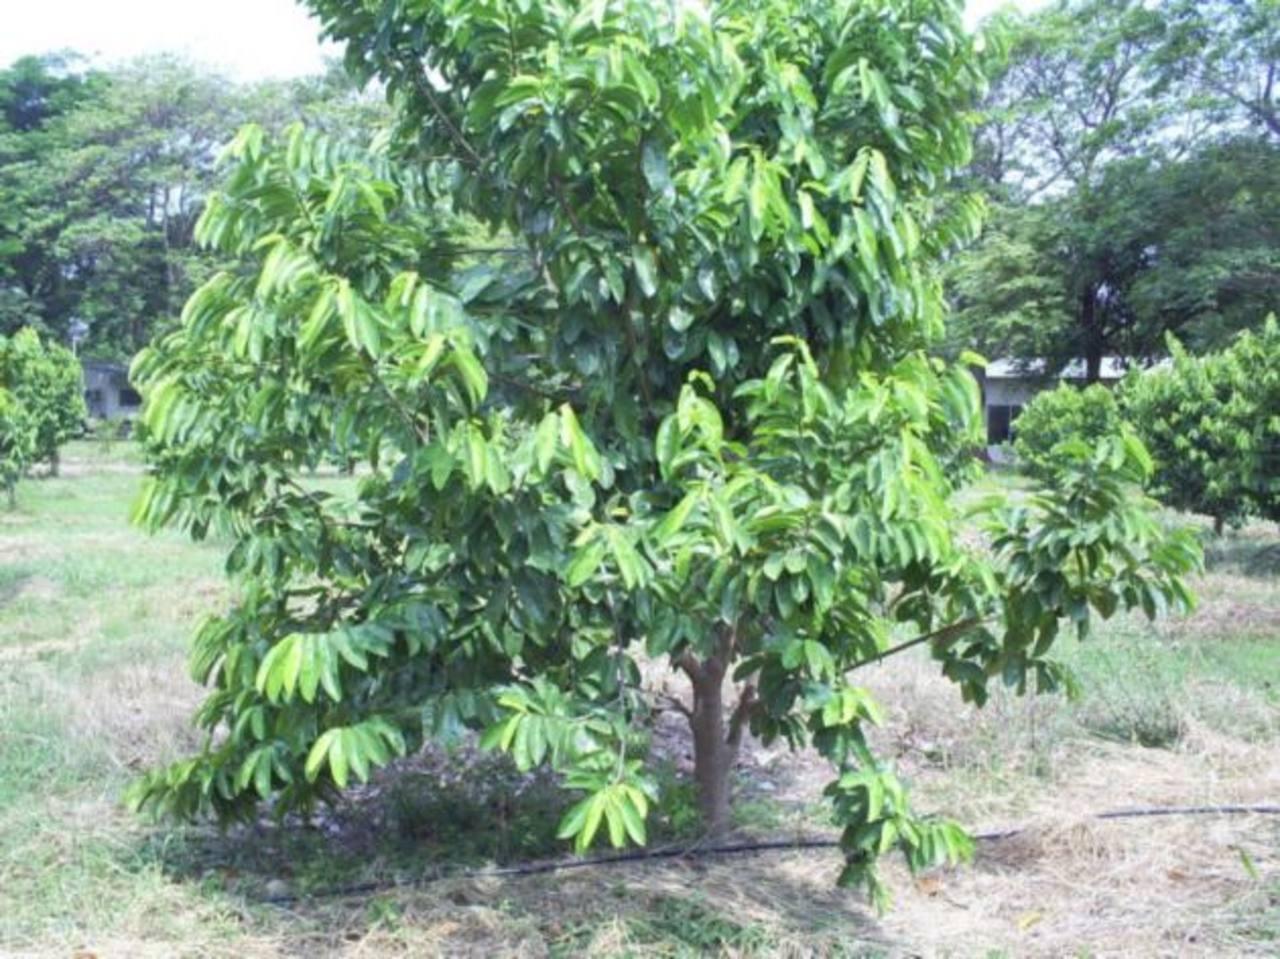 El guanabo es apetecido por su sabor y propiedades medicinales
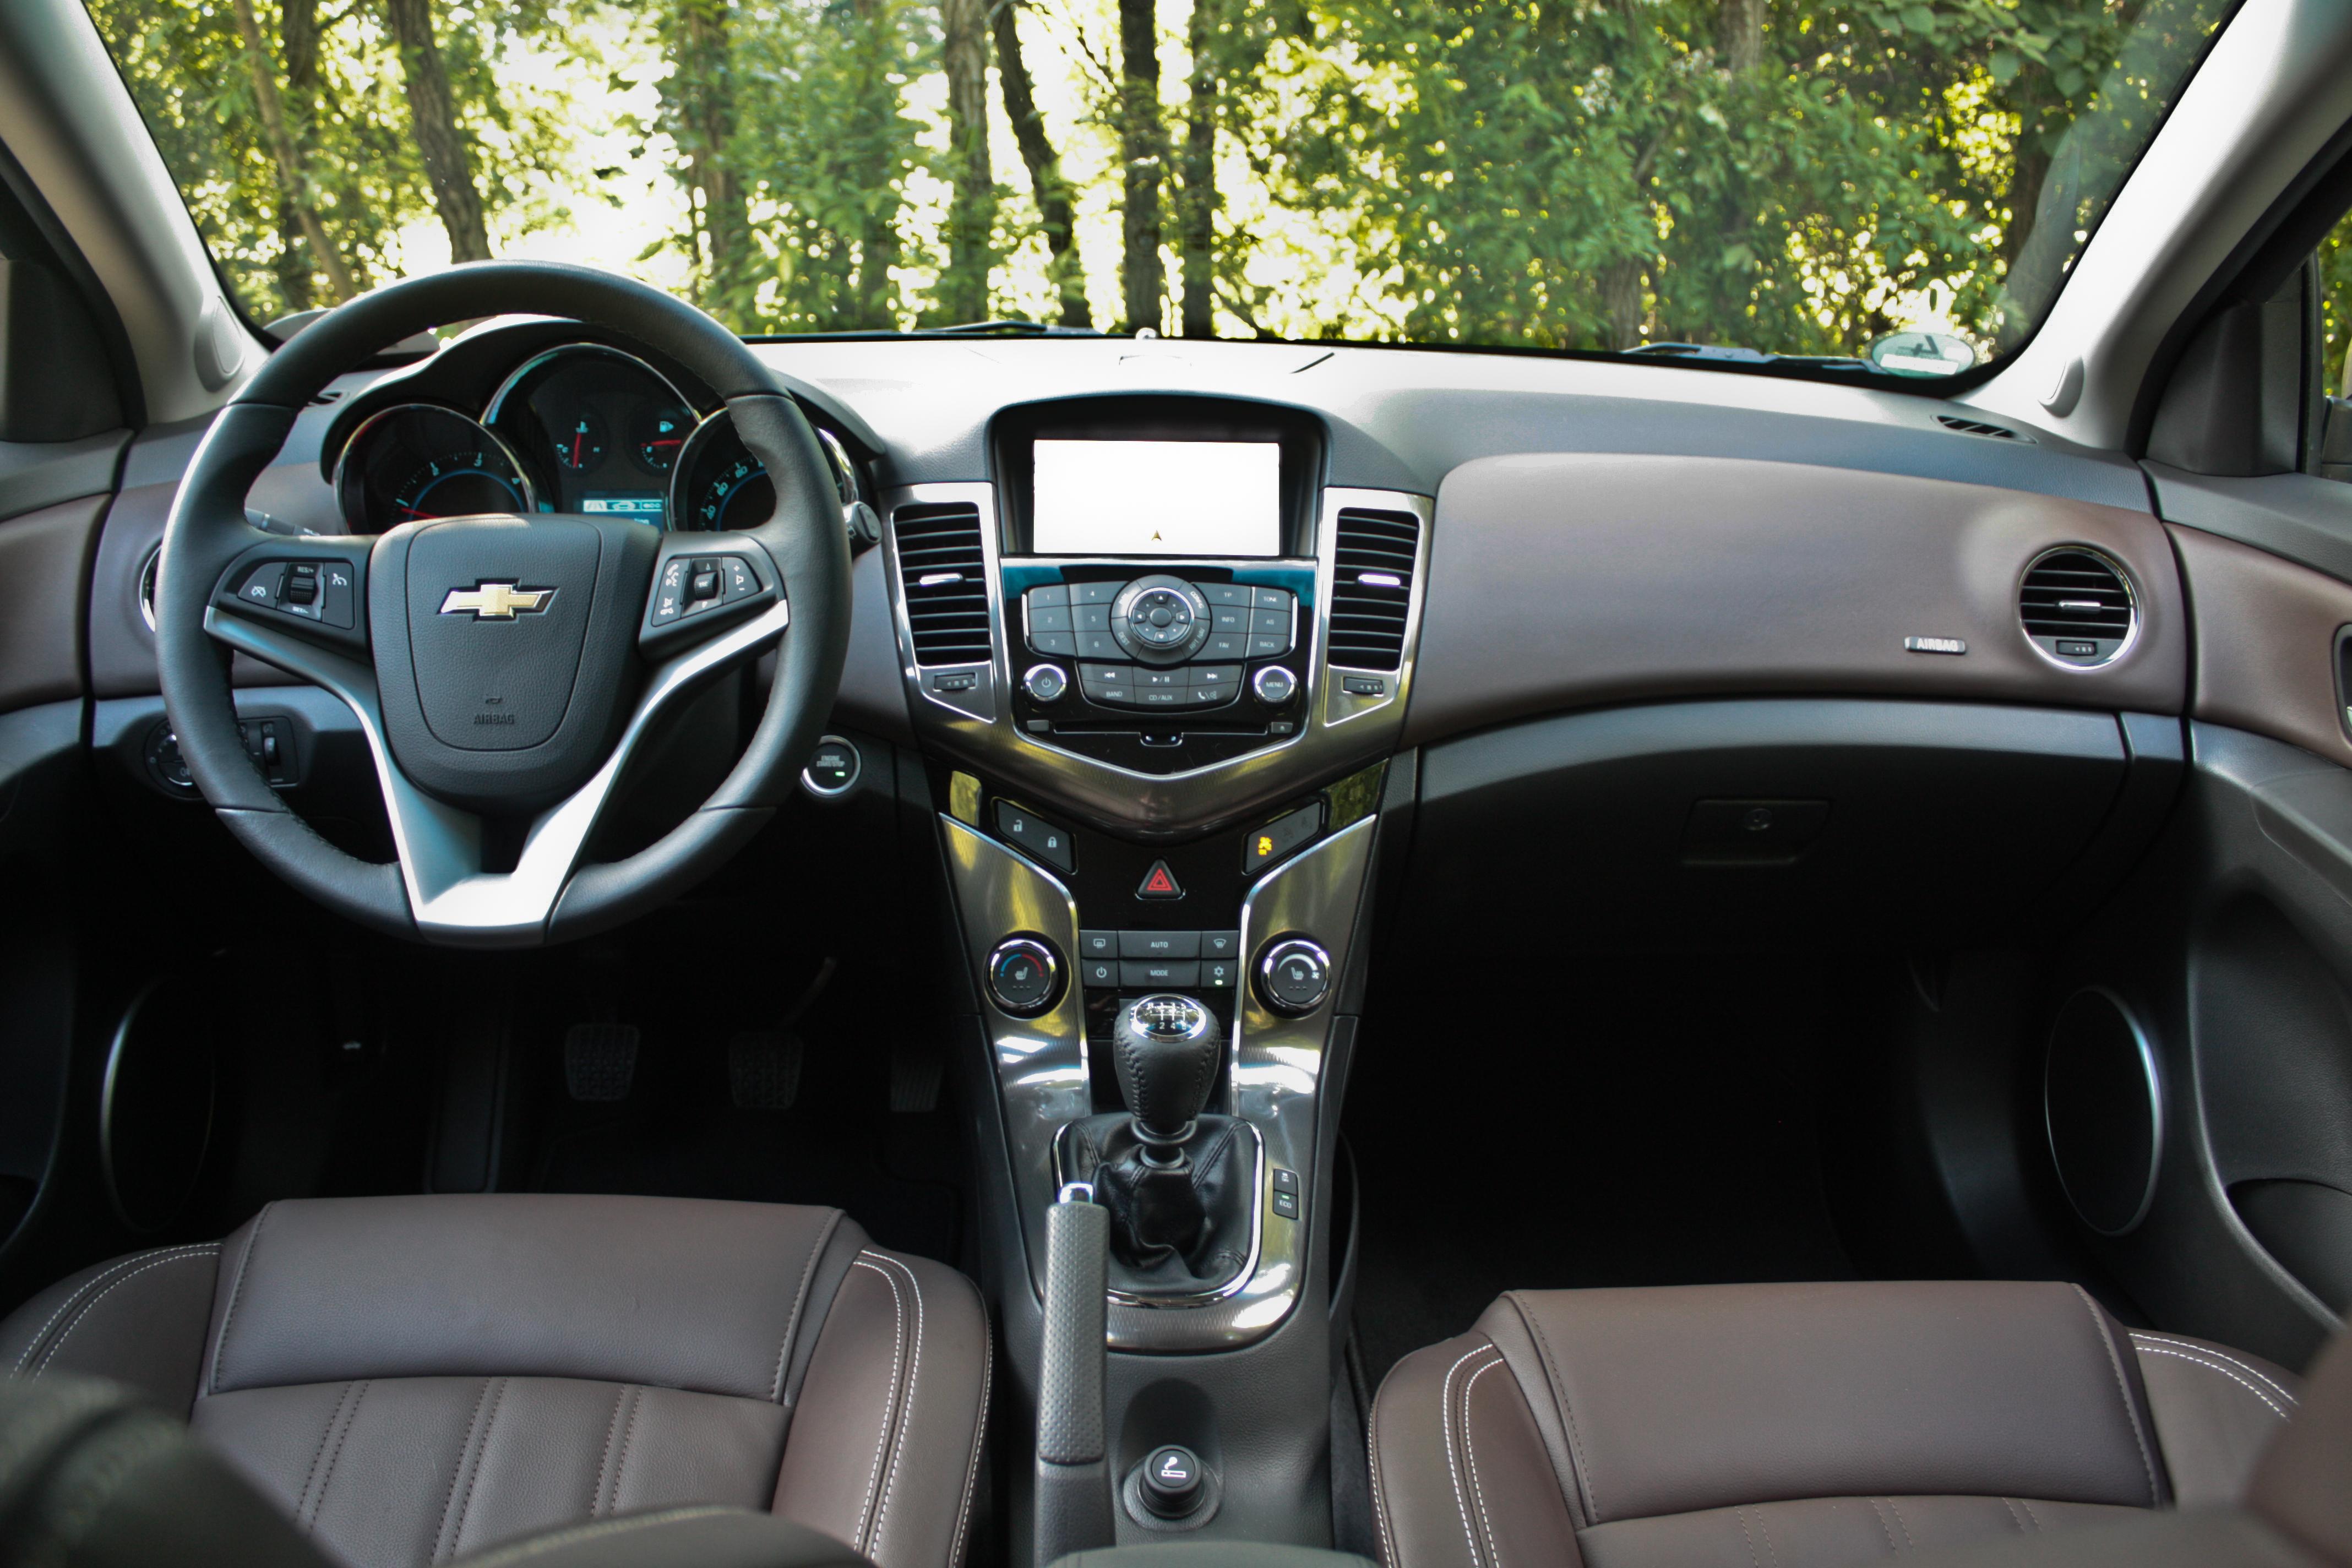 Essai chevrolet cruze sw espace maxi pour prix mini for Chevrolet interieur
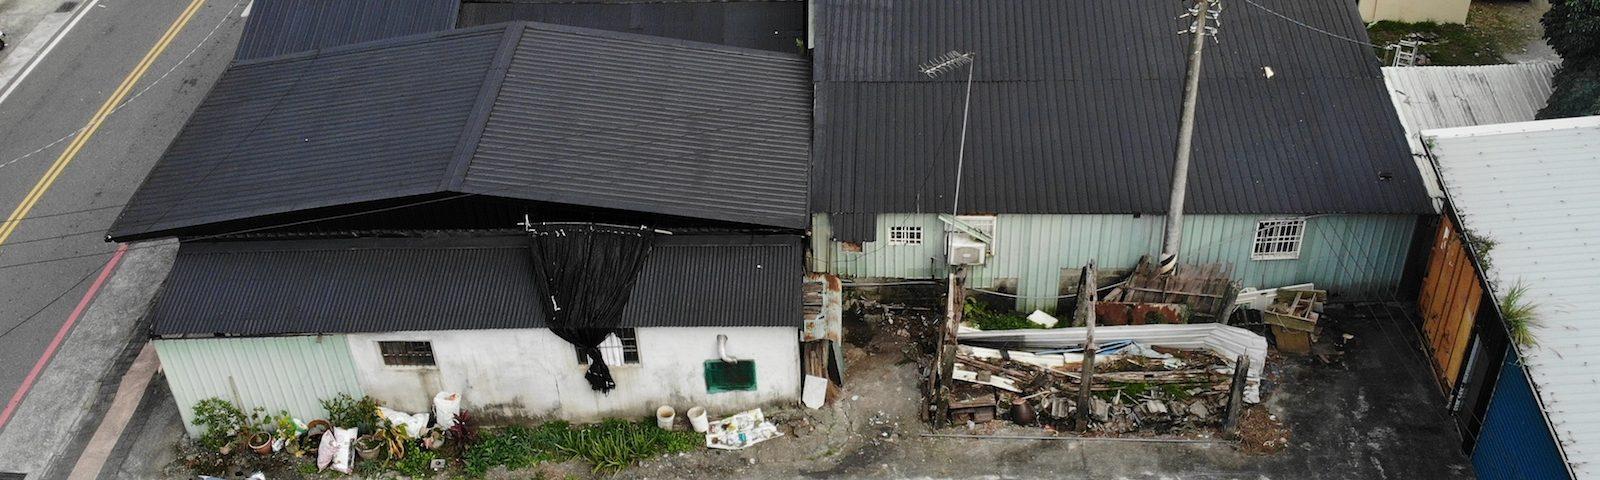 瑞穗村居民屋後有一塊空地是國有財產局的地
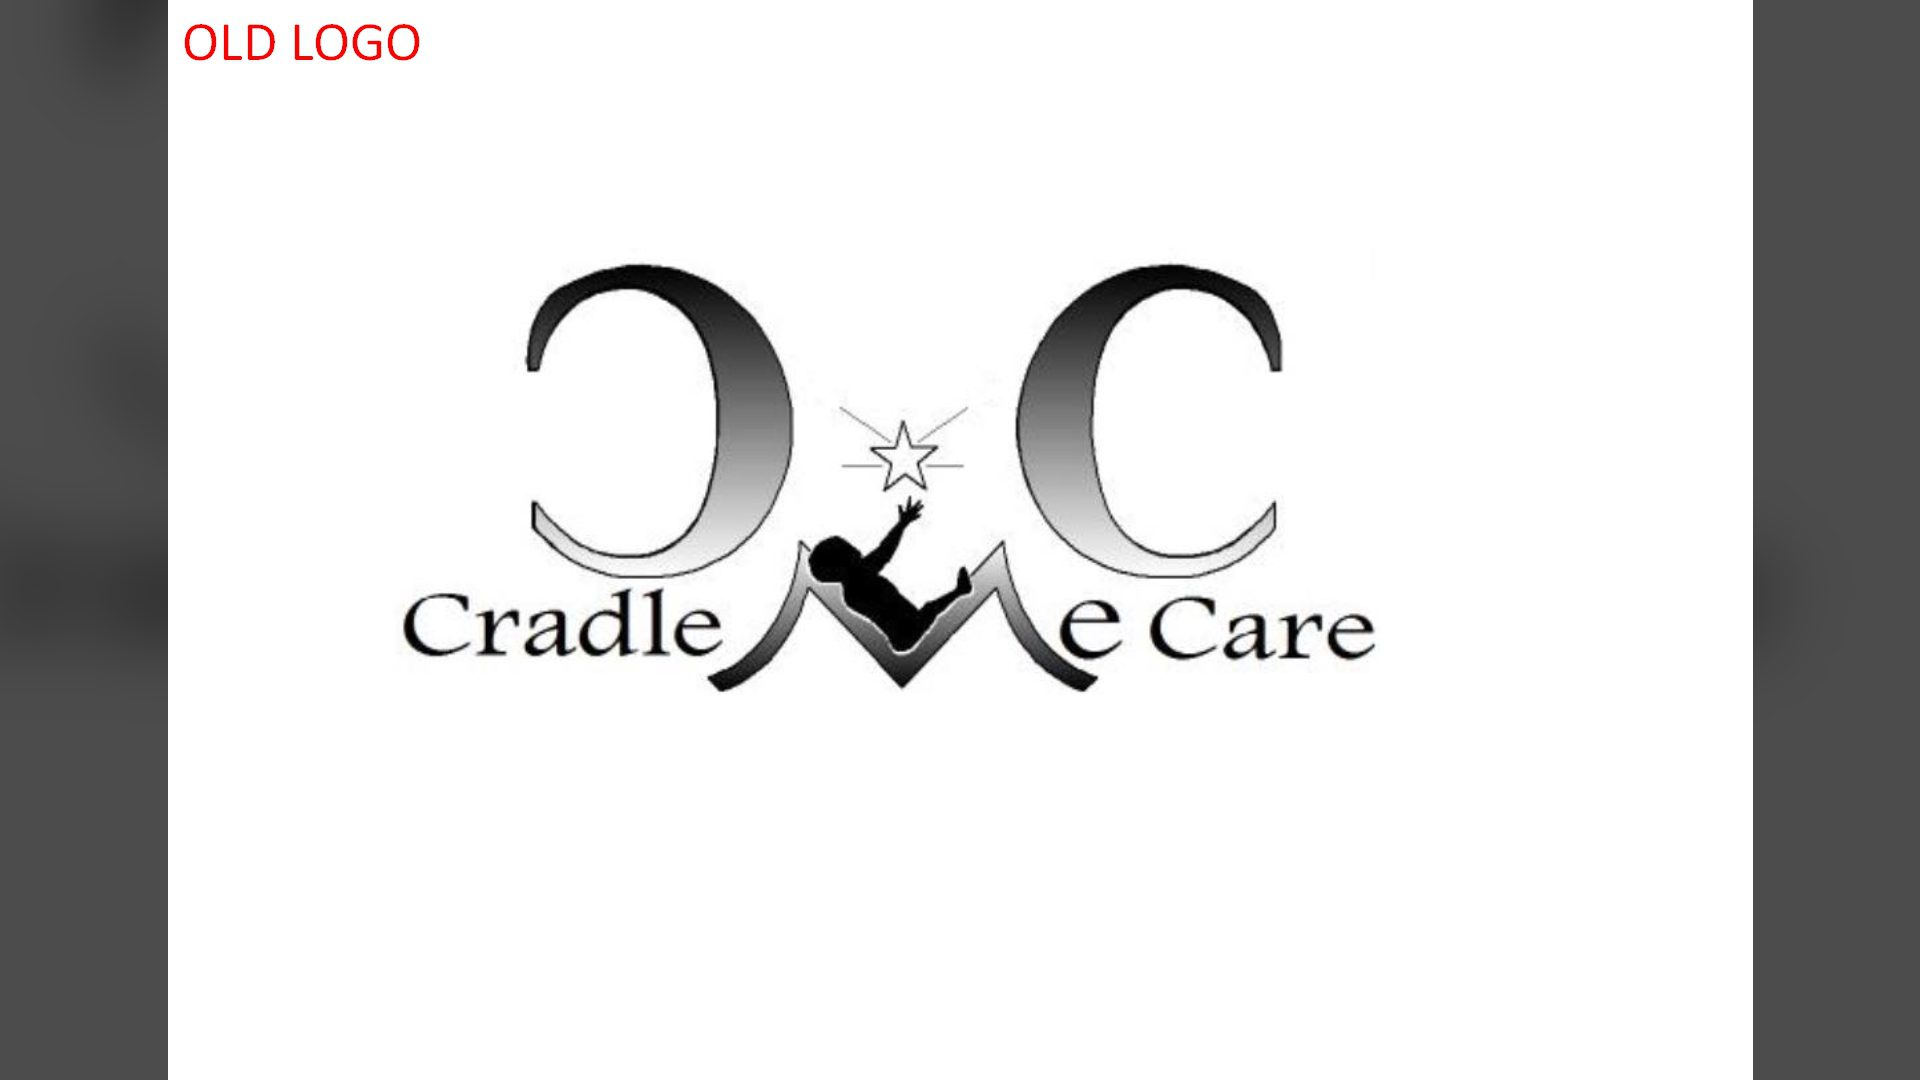 Cradle Me Care - Rebranding (5)

§ **EXERCISE BRIEF**
Repeat the data exactly, excluding the pictures.

§ **WRITTEN RESPONSE**
 El guanabo es apetecido por su sabor y propiedades medicinales
 Essai chevrolet cruze sw espace maxi pour prix mini for Chevrolet interieur
 瑞穗村居民屋後有一塊空地是國有財產局的地
 Cradle Me Care - Rebranding (5)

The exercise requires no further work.